After the Eclipse well, Empire plan to move further south in the Perth Basin, to drill the Leschenault prospect, just to the north of the port and industrial town of Bunbury. Also nearby is the Kemerton Industrial Estate, the site of a proposed aluminium smelter.
"It is a different reservoir target - the Lesueur Sandstone. Structurally it is also a four way dip closure. If one can drill four way dip closed structures, especially in the Perth Basin, it means you are ahead of the game in minimising risk on structural style.
"It is large -13 km of areal extent with 80m of vertical relief. Porosities of the Lesueur Sandstone can be seen from other wells and is very healthy at 28% and the permeabilities are around 250 millidarcies.
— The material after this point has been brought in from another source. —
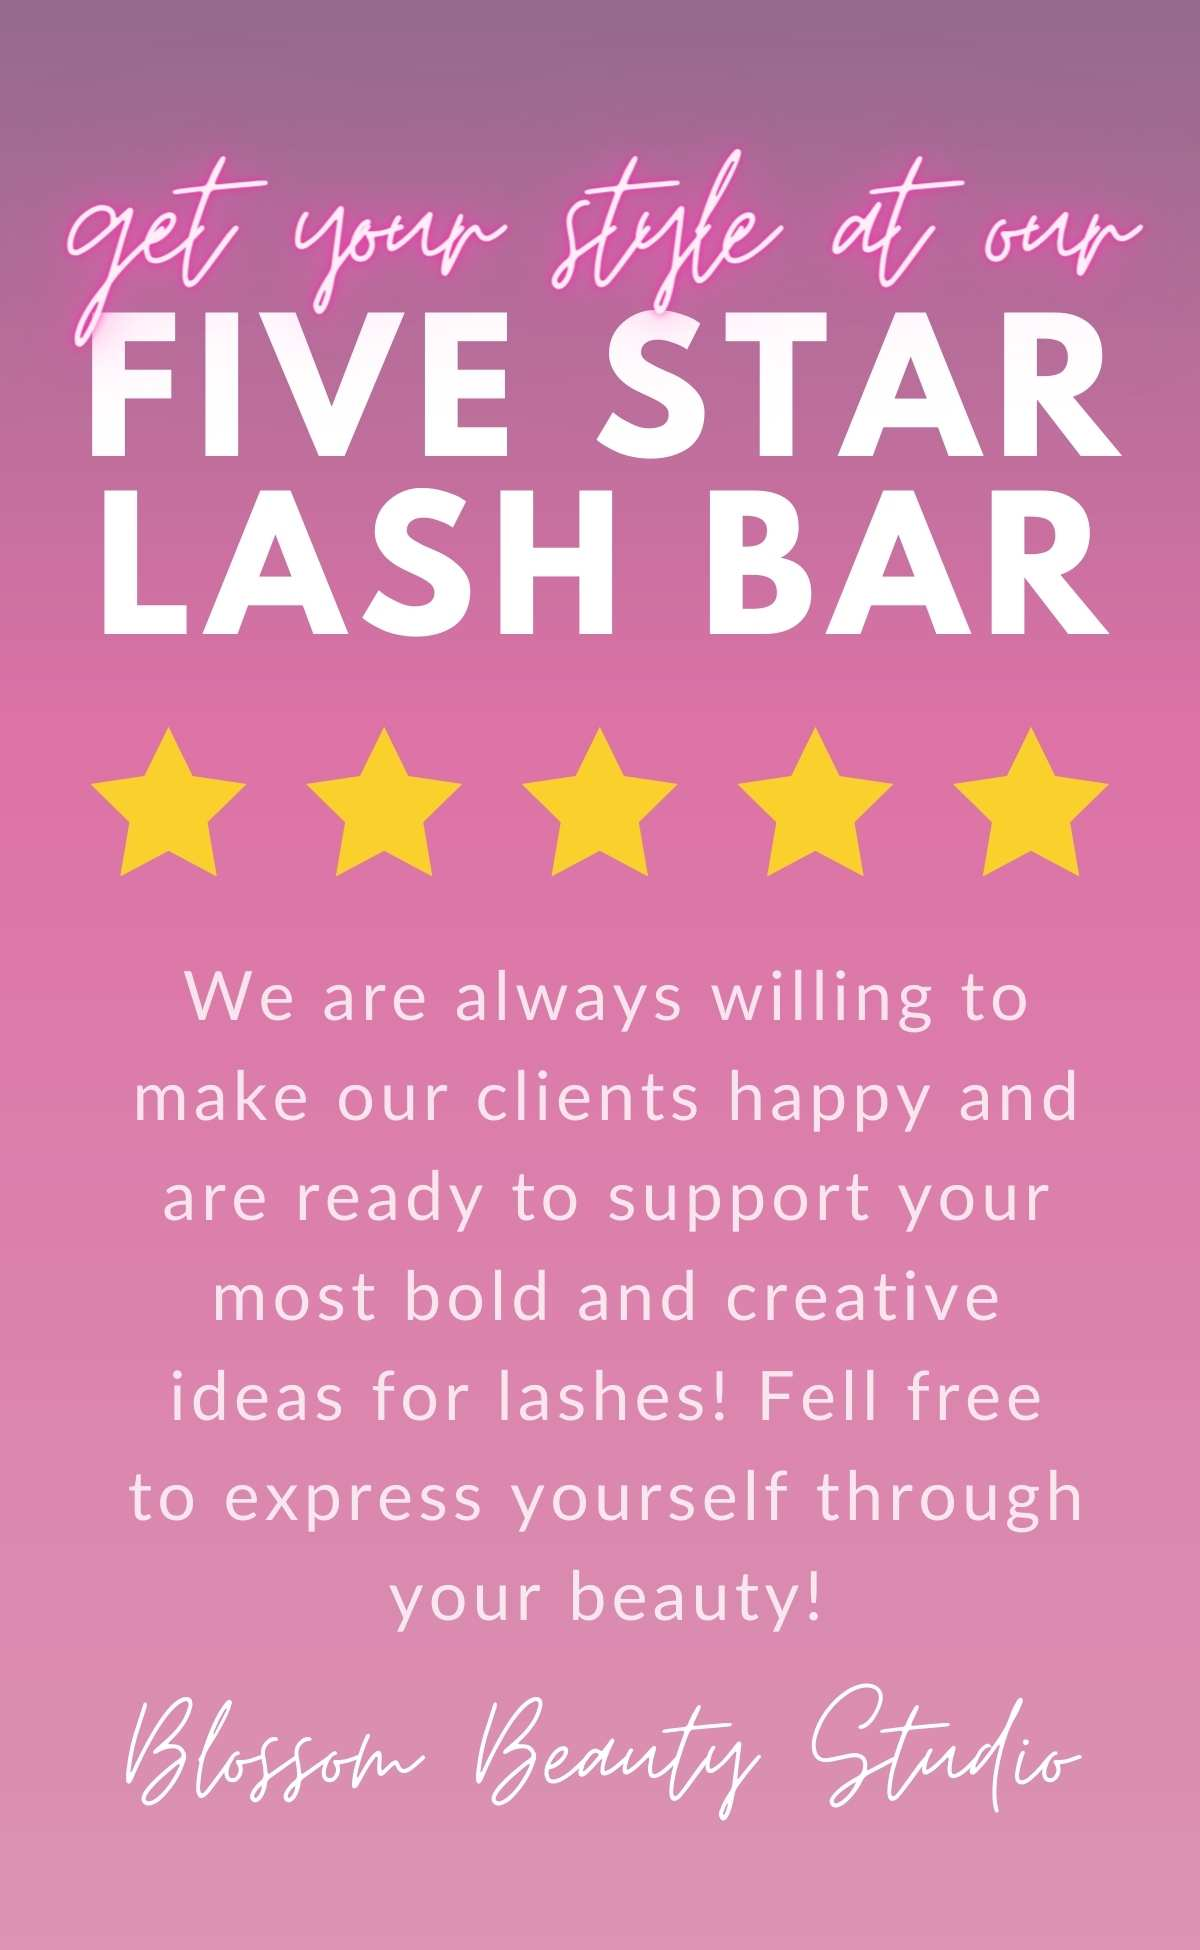 Blossom Beauty Studio website

It could certainly flow liquids without too many problems.
"It is a shallow well at 850m and the well costs would be around $750,000 - maybe less. The potential gas in place ranges from 100-180bcf which is a substantial objective. There is potential also for oil in place - as seen in the nearby Rutile-1 well and is in the range of 109-200 million barrels of oil (mmbo).
"We intend farming down to 1/3 for ¼, meaning we would be introducing new partners who would pay 33% of the costs to achieve 25% equity. We could use the cheap rig we used on the Exmouth program and be looking to drill later in 2002.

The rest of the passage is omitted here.